JOHANNESBURG – More than 950 workers are trapped underground in a gold mine in South Africa after a thunderstorm caused a lift to break down, preventing them from getting out.
The miners were awaiting evacuation from the Beatrix mine in Free State province, some 122km (76 miles) north of the city of Bloemfontein on Thursday.
Without electricity, lifts could not bring the night shift workers to the surface, but they “appear to be fine”, a spokesman for their employer said.
Sixty-five people were rescued during the day, but hundreds of others are still thought to be trapped.
The workers, trapped since Wednesday night, are not believed to be in immediate danger, but mine unions have expressed concern that they could suffer from dehydration and lack access to medication.
South Africa is a leading gold producer, but the industry has often been accused of a poor safety record.

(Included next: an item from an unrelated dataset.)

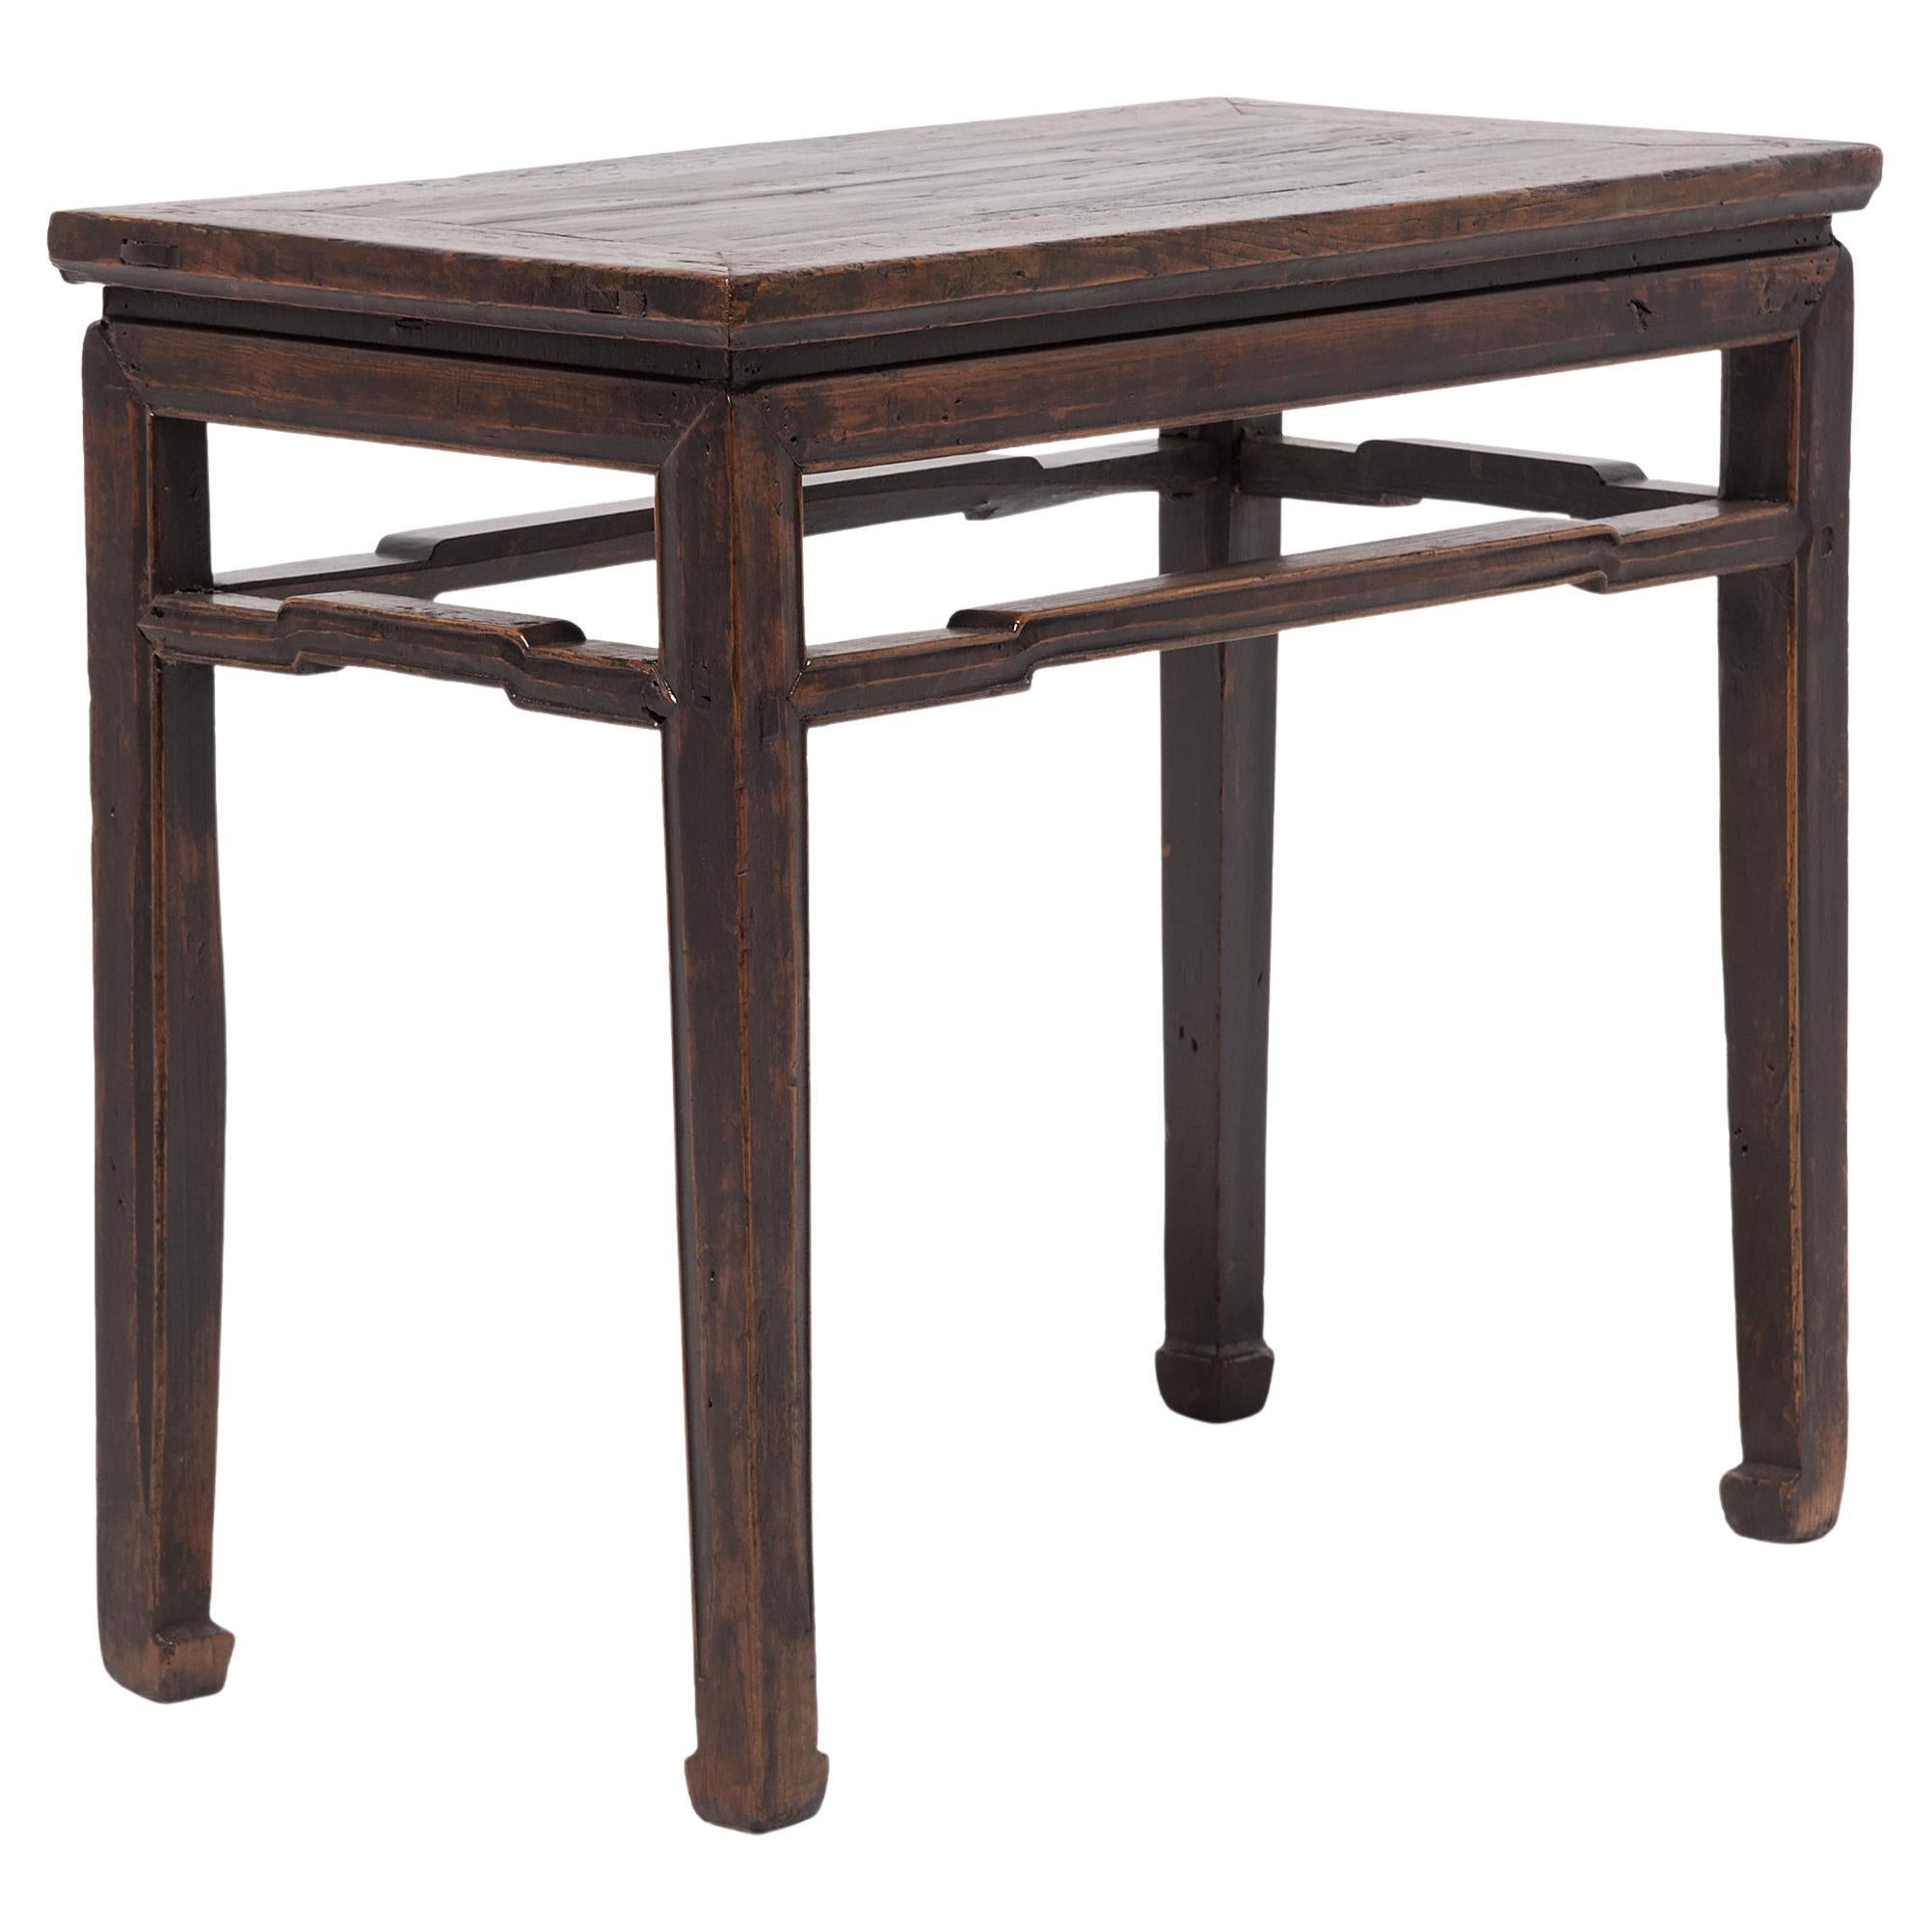 Chinese Half Table with Humpback Stretchers, c. 1900

The Beatrix mine is in Welkom town, about 290km (180 miles) south-west of Johannesburg. It is owned by Sibanye-Stillwater mining firm. It has 23 levels, going down to 1,000 metres (3,280 ft) below ground.
Food and water is being delivered to those trapped in the mine, which is run by the Sibanye-Stillwater company – the largest individual producer of gold in the country.
Engineers are said to be struggling to get emergency generators working in order to re-start the lift, which serves one of four operating shafts in the mine.
The National Union of Mineworkers (Num) said the rescue process was “very slow”.
South Africa has some of the world’s deepest and most dangerous mines.
More than 80 fatalities were recorded in the country’s mines in 2017.